163. Далее, в начале сентября тысяча IIIIc и XVII года герцог Бургундский подошел к Парижу и занял Л’Иль Адам, Понт-Сен-Максанс, Санлис и Бомон[533]
. Посему, ворота Сен-Дени были заперты и пролеты моста сломали, устроив на его месте подъемный мост[534], и в самый разгар сезона сбора винограда, ворота оставались запертыми в течение II месяцев.164. Далее, в сентябре, VIII или IX дней спустя, вышеназванный Бребан лишился поста купеческого прево, на его место же назначен был Этьенн Бонпюьи, каковой пробыл на должности в течение V дней, после чего XII сентября вместо него назначен был изготовитель сундуков [и скамеек] Гийом Сирасс.
165. Тогда же бургундцы подступили к Сен-Клу, [защитники какового] разрушили мост. Бургундцы же осадили башню[535]
и подвезли к ней метательные машины, весьма ее таковым образом разрушив. Однако, на этот раз занять ее им не удалось, притом что они взяли Париж в столь плотную осаду, что ниоткуда в город невозможно стало доставить морской рыбы[536].166. Далее, [следует сказать что] ливр соленого масла ныне продавался за II парижских соля, а II или в лучшем случае III яйца, за IIII парижских денье. На восьмой день после праздника Св. Дионисия доставлены были III или IIII корзины свежей сельди, за каждую же просили по IIII блана, ежели она продавалась свежей, и по II блана и никак не менее за хранившуюся в соли, в то время как вино, каковое стоило в августе II денье, в сентябре поднялось в цене до IIII или даже VI парижских денье.
167. Далее, в то же время, парижане доведены были до столь отчаянного положения, что никто не осмеливался никуда выйти из города через ворота Сен-Жак, будь то в Шатийон, в Байё, в Фонтене, в Ванв, в Исси, в [Кламар], в Монтруж, ввиду того что бургундцы столь жестоко ненавидели парижан, и в поисках фуража и продовольствия приближались к самым городским окраинам, и всех, кого только видели там, хватали и доставляли в свой лагерь.

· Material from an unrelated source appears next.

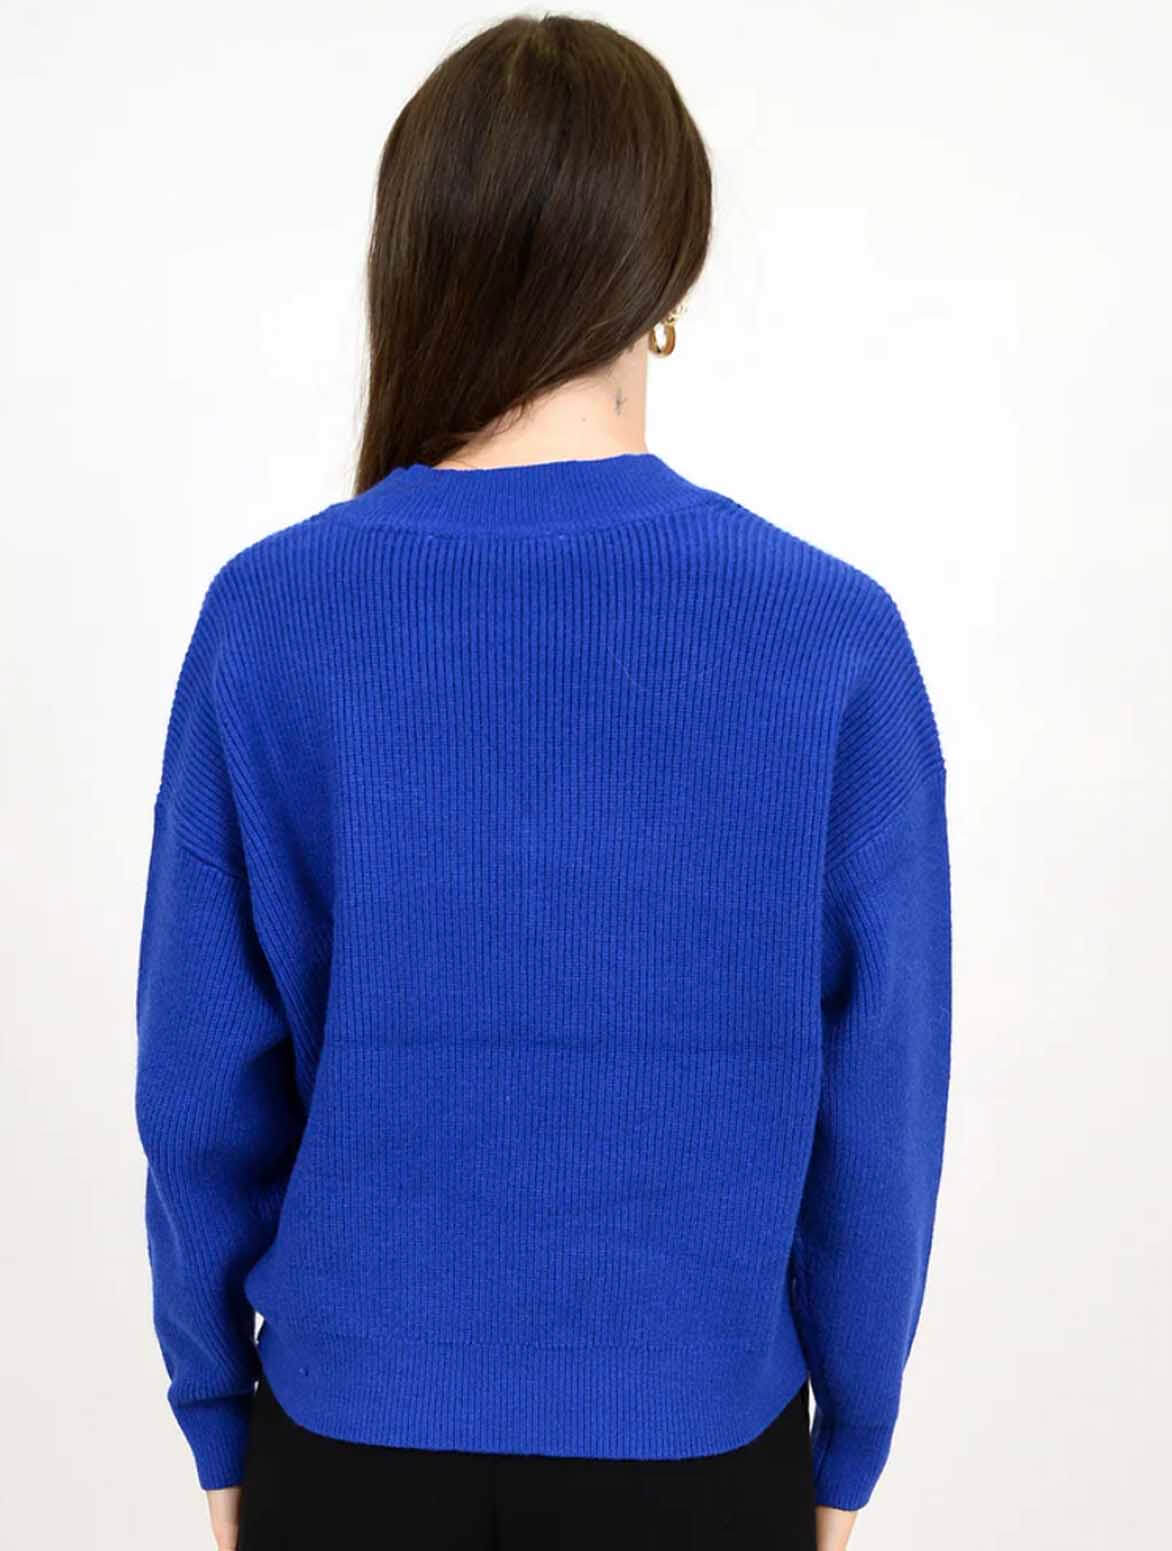 Manuela V-Neck Sweater in Cosmic Blue

Там же обреталось множество парижан, каковые ранее были сосланы и ныне подвергали их допросу или получали сведения о них иными путями; и ежели эти пленные пользовались дурной славой, с ними обходились весьма жестоко и понуждали платить столь огромный выкуп, сколь можно было с них взять, а ежели им по счастливой случайности удавалось бежать и возвратиться в Париж и о том узнавали, их же обвиняли в том, будто они оказались в плену по собственной воле, и заключали в тюрьмы.
168. Далее, в это же время назначен был капитаном ворот Тампль некий Симонне дю Буа, писец при Жако л’Амперере, казначее короля[537]
, а [капитаном] ворот Сен-Мартен — некий Жаннен Невё, жестянщик, сын жестянщика по имени Колен [Невё].169. Далее, в том же октябре месяце, [парижанам] вменено было в обязанность выплатить тяжелый соляной налог[538]
, и [мало] кому, безразлично к скромности его положения, не навязано было приобрести два или три сетье, богачи же вынуждены были покупать вплоть до мюида или же половины такового; и посему приходилось выбирать: либо заплатить посыльному немедля, либо принять к себе на постой солдат из гарнизона, или же отправиться в тюрьму во Дворец [Правосудия][539], при том что каждый сетье обходился в III экю по XVIII парижских солей.170. Далее, для большинства парижских капитанов город платил за овес[540]
, каковой доставлен был в Париж дабы суметь обеспечить себя [на случай осады]., кроме того им дозволено было на расстоянии II-III лье от города брать все, что они пожелают, силой[541], и они же отнюдь не брезговали подобной возможностью. Тогда же мясники из Сен-Жермен де Пре, открыли [новую] бойню на улице, каковая тянулась от монастыря Кордельеров[542] вплоть до ворот Сен-Жермен[543]; сказанное же помещение имело вид погреба, в каковой следовало спускаться на X ступенек вниз.171. В то же время за бочонок сельди просили XVI парижских ливров. Далее, тогда же никто не осмеливался покидать город, ибо где угодно [таковому человеку] грозило быть ограбленным до нитки, или даже убитым, ежели он пожелал бы тому воспротивиться или защитить себя, ибо все те же солдаты парижского гарнизона вне города творили все, что только желали, и возвращались нагруженные добычей, не менее чем еж, каковой из жадности толкает перед собой яблоко, на иглах уже не помещающееся[544]
, и никто не смел заговорить об этом вслух, ибо такова была воля тех, кто ныне всем заправлял в Париже.